## Action item
Should any entry look odd, write it out exactly anyway, along with all the rest.
┄┄┄┄┄┄┄┄┄┄┄┄┄┄┄┄┄┄┄┄
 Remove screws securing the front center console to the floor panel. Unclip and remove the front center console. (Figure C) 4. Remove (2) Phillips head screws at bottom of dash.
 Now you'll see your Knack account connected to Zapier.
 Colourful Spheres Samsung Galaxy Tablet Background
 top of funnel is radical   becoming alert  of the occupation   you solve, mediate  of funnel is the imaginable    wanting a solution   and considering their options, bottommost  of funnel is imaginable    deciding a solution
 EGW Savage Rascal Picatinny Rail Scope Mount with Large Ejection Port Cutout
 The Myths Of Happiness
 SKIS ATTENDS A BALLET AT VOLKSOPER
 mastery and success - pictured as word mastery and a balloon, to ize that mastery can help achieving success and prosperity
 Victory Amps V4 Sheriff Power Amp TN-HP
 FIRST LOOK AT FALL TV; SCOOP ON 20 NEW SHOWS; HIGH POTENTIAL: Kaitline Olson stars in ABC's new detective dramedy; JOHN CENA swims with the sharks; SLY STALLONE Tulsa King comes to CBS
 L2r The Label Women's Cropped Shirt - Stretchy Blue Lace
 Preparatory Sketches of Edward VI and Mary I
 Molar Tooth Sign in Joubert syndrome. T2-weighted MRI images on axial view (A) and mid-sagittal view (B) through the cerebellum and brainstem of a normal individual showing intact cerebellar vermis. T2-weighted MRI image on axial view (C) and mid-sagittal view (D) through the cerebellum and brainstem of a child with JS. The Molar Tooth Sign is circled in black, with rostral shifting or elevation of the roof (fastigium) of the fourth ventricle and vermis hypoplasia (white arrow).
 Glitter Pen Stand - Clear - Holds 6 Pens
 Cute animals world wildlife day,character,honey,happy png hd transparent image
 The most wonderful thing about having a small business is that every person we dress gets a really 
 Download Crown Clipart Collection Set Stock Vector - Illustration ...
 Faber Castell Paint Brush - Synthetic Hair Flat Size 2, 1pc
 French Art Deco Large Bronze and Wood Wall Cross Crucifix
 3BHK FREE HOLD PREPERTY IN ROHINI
┄┄┄┄┄┄┄┄┄┄┄┄┄┄┄┄┄┄┄┄
## Problem solution
 Remove screws securing the front center console to the floor panel. Unclip and remove the front center console. (Figure C) 4. Remove (2) Phillips head screws at bottom of dash.
 Now you'll see your Knack account connected to Zapier.
 Colourful Spheres Samsung Galaxy Tablet Background
 top of funnel is radical   becoming alert  of the occupation   you solve, mediate  of funnel is the imaginable    wanting a solution   and considering their options, bottommost  of funnel is imaginable    deciding a solution
 EGW Savage Rascal Picatinny Rail Scope Mount with Large Ejection Port Cutout
 The Myths Of Happiness
 SKIS ATTENDS A BALLET AT VOLKSOPER
 mastery and success - pictured as word mastery and a balloon, to ize that mastery can help achieving success and prosperity
 Victory Amps V4 Sheriff Power Amp TN-HP
 FIRST LOOK AT FALL TV; SCOOP ON 20 NEW SHOWS; HIGH POTENTIAL: Kaitline Olson stars in ABC's new detective dramedy; JOHN CENA swims with the sharks; SLY STALLONE Tulsa King comes to CBS
 L2r The Label Women's Cropped Shirt - Stretchy Blue Lace
 Preparatory Sketches of Edward VI and Mary I
 Molar Tooth Sign in Joubert syndrome. T2-weighted MRI images on axial view (A) and mid-sagittal view (B) through the cerebellum and brainstem of a normal individual showing intact cerebellar vermis. T2-weighted MRI image on axial view (C) and mid-sagittal view (D) through the cerebellum and brainstem of a child with JS. The Molar Tooth Sign is circled in black, with rostral shifting or elevation of the roof (fastigium) of the fourth ventricle and vermis hypoplasia (white arrow).
 Glitter Pen Stand - Clear - Holds 6 Pens
 Cute animals world wildlife day,character,honey,happy png hd transparent image
 The most wonderful thing about having a small business is that every person we dress gets a really 
 Download Crown Clipart Collection Set Stock Vector - Illustration ...
 Faber Castell Paint Brush - Synthetic Hair Flat Size 2, 1pc
 French Art Deco Large Bronze and Wood Wall Cross Crucifix
 3BHK FREE HOLD PREPERTY IN ROHINI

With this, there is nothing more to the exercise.